__Aim of the task__. All of the data that follows is to be written out exactly, with images excluded.

__The data__.
=====
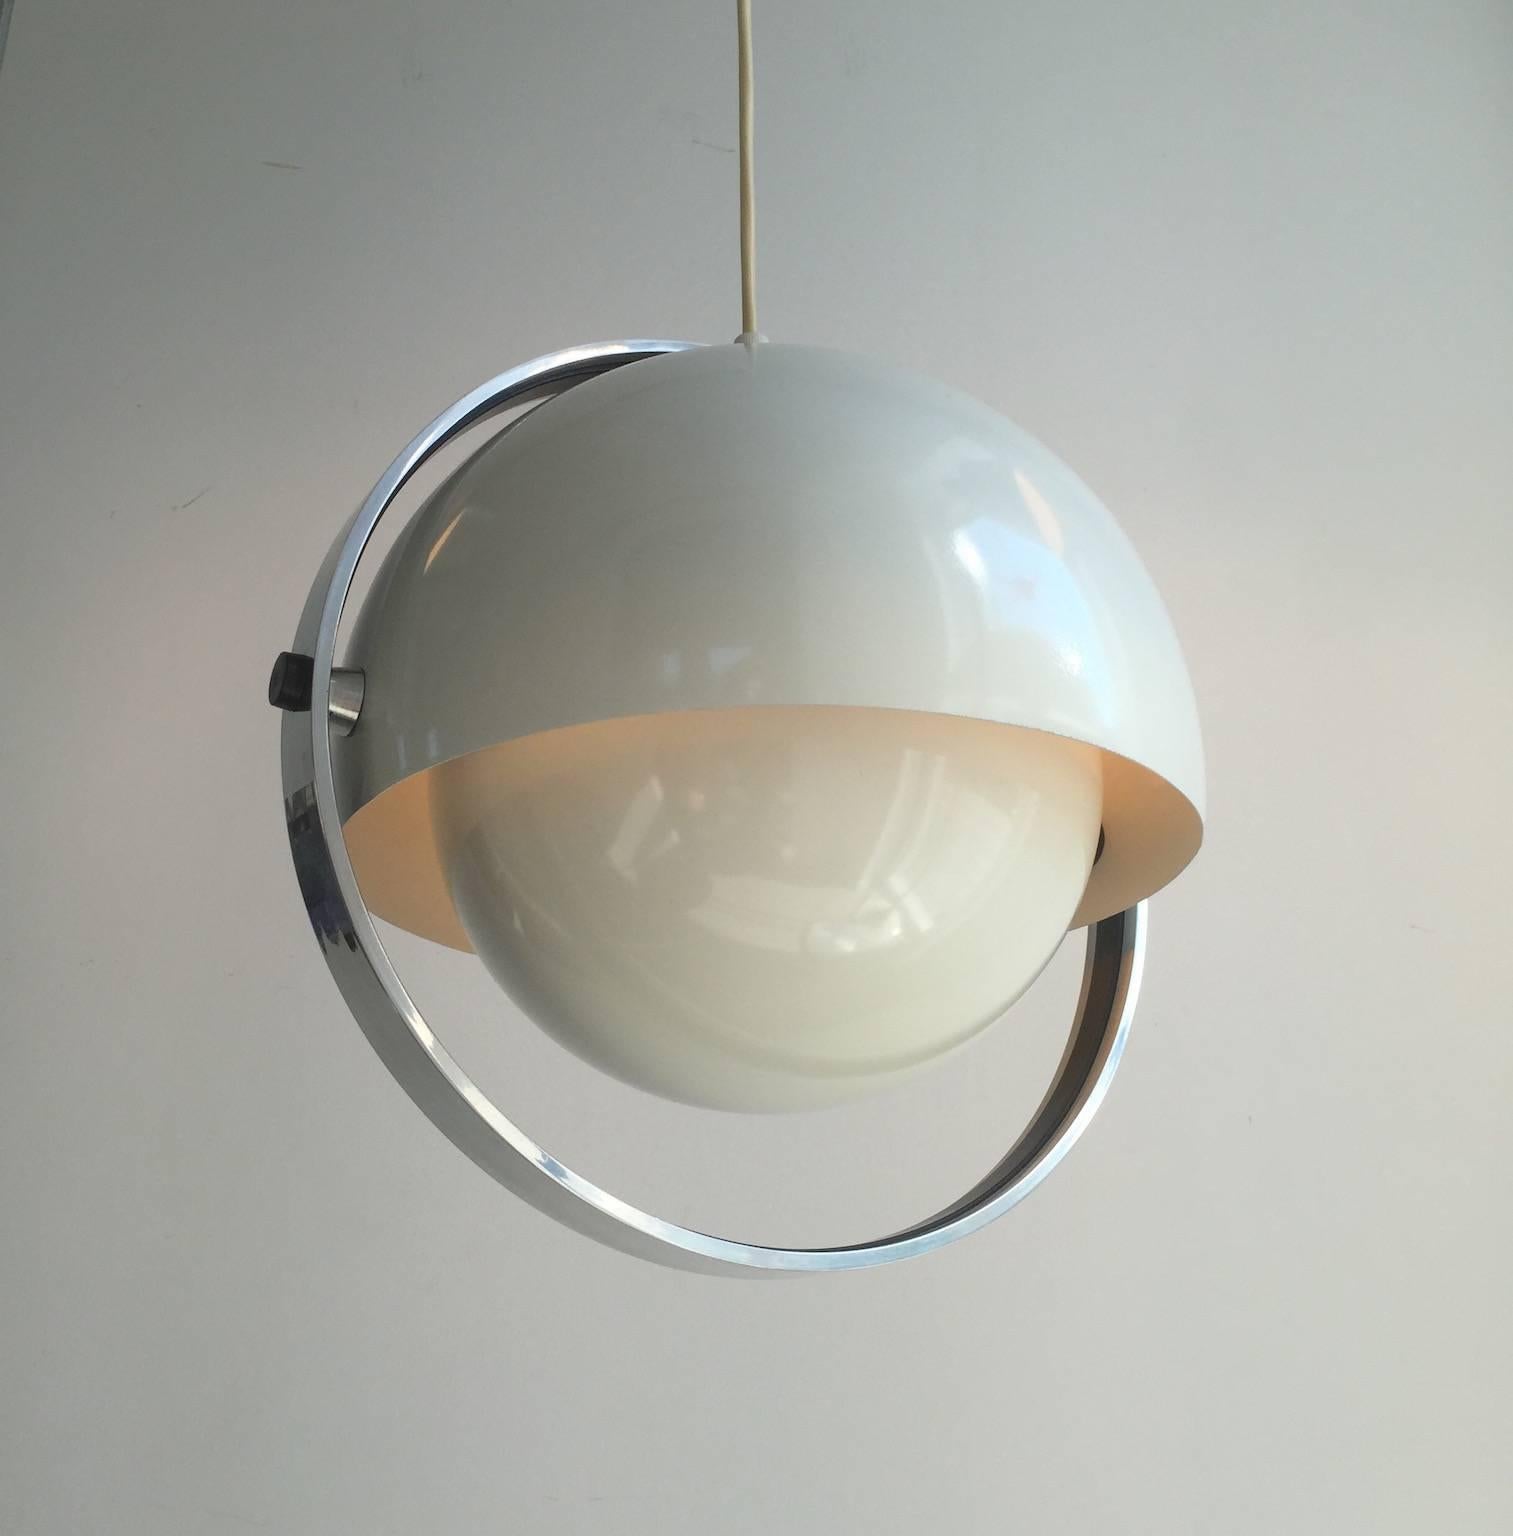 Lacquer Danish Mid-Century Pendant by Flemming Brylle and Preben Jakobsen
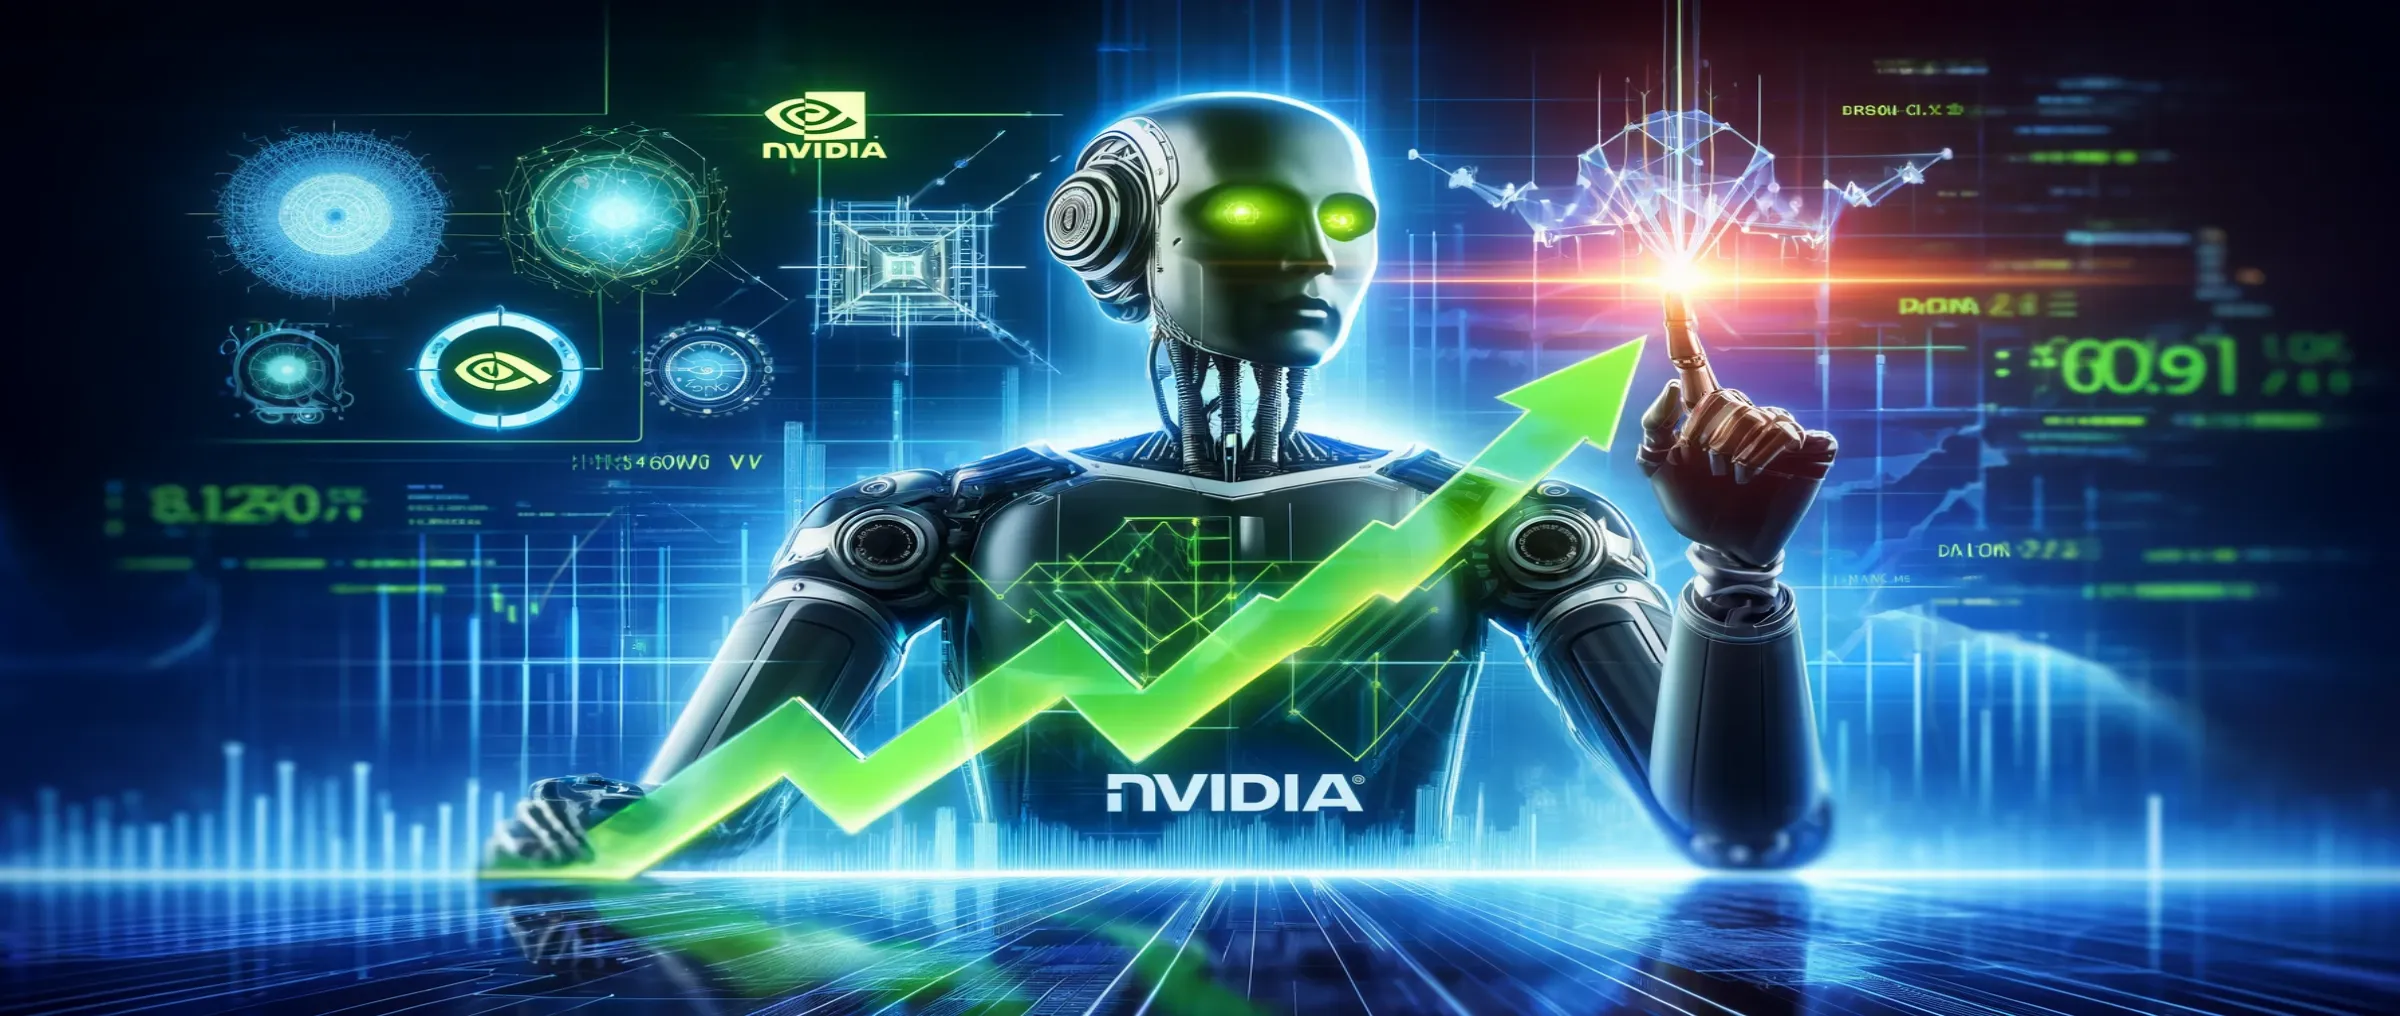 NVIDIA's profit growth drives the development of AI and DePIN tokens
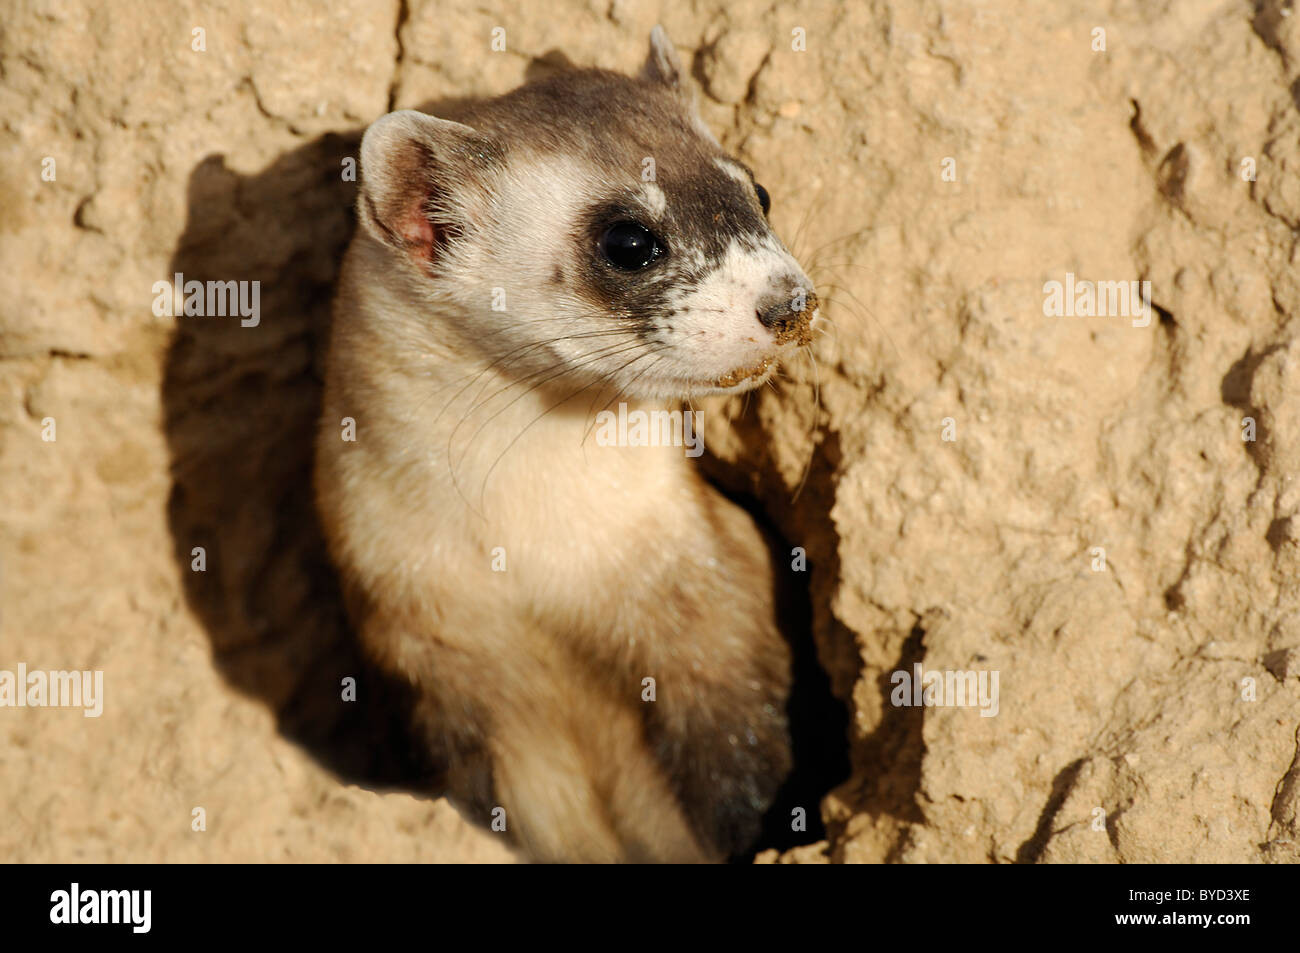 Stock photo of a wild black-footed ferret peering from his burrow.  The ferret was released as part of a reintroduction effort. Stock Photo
=====
__Exercise response__.
 Lacquer Danish Mid-Century Pendant by Flemming Brylle and Preben Jakobsen
 NVIDIA's profit growth drives the development of AI and DePIN tokens
 Stock photo of a wild black-footed ferret peering from his burrow.  The ferret was released as part of a reintroduction effort. Stock Photo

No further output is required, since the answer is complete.